┏━━

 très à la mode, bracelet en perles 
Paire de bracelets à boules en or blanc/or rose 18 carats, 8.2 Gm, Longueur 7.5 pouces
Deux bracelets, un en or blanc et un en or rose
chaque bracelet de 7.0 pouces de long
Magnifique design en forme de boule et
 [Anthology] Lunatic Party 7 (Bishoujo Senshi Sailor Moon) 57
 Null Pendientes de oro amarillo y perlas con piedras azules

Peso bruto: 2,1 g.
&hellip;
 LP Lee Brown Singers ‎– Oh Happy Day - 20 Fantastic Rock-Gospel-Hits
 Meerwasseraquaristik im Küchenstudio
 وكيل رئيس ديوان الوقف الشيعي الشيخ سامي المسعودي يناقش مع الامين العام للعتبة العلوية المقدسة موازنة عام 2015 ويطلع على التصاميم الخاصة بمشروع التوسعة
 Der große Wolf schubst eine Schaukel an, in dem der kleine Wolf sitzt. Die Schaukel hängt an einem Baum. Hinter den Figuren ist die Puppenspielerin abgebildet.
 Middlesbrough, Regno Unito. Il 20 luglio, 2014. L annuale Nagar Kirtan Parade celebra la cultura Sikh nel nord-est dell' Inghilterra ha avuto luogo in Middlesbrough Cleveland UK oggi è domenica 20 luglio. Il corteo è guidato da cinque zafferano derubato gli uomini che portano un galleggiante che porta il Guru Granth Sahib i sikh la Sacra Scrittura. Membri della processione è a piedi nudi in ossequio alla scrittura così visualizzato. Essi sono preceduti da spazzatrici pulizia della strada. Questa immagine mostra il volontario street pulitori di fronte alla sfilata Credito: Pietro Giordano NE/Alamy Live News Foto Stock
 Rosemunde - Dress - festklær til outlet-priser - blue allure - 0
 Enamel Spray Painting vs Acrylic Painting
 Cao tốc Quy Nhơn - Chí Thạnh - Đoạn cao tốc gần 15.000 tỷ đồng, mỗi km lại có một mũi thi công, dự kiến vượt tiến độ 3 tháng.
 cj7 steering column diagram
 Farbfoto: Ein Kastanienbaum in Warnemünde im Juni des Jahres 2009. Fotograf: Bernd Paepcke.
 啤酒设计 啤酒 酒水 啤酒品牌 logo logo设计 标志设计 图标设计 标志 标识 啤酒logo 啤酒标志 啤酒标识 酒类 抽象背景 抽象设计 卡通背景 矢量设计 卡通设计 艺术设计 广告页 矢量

┗━━

All of the material should be set down exactly as it reads.

Answer for the task:
 très à la mode, bracelet en perles 
Paire de bracelets à boules en or blanc/or rose 18 carats, 8.2 Gm, Longueur 7.5 pouces
Deux bracelets, un en or blanc et un en or rose
chaque bracelet de 7.0 pouces de long
Magnifique design en forme de boule et
 [Anthology] Lunatic Party 7 (Bishoujo Senshi Sailor Moon) 57
 Null Pendientes de oro amarillo y perlas con piedras azules

Peso bruto: 2,1 g.
&hellip;
 LP Lee Brown Singers ‎– Oh Happy Day - 20 Fantastic Rock-Gospel-Hits
 Meerwasseraquaristik im Küchenstudio
 وكيل رئيس ديوان الوقف الشيعي الشيخ سامي المسعودي يناقش مع الامين العام للعتبة العلوية المقدسة موازنة عام 2015 ويطلع على التصاميم الخاصة بمشروع التوسعة
 Der große Wolf schubst eine Schaukel an, in dem der kleine Wolf sitzt. Die Schaukel hängt an einem Baum. Hinter den Figuren ist die Puppenspielerin abgebildet.
 Middlesbrough, Regno Unito. Il 20 luglio, 2014. L annuale Nagar Kirtan Parade celebra la cultura Sikh nel nord-est dell' Inghilterra ha avuto luogo in Middlesbrough Cleveland UK oggi è domenica 20 luglio. Il corteo è guidato da cinque zafferano derubato gli uomini che portano un galleggiante che porta il Guru Granth Sahib i sikh la Sacra Scrittura. Membri della processione è a piedi nudi in ossequio alla scrittura così visualizzato. Essi sono preceduti da spazzatrici pulizia della strada. Questa immagine mostra il volontario street pulitori di fronte alla sfilata Credito: Pietro Giordano NE/Alamy Live News Foto Stock
 Rosemunde - Dress - festklær til outlet-priser - blue allure - 0
 Enamel Spray Painting vs Acrylic Painting
 Cao tốc Quy Nhơn - Chí Thạnh - Đoạn cao tốc gần 15.000 tỷ đồng, mỗi km lại có một mũi thi công, dự kiến vượt tiến độ 3 tháng.
 cj7 steering column diagram
 Farbfoto: Ein Kastanienbaum in Warnemünde im Juni des Jahres 2009. Fotograf: Bernd Paepcke.
 啤酒设计 啤酒 酒水 啤酒品牌 logo logo设计 标志设计 图标设计 标志 标识 啤酒logo 啤酒标志 啤酒标识 酒类 抽象背景 抽象设计 卡通背景 矢量设计 卡通设计 艺术设计 广告页 矢量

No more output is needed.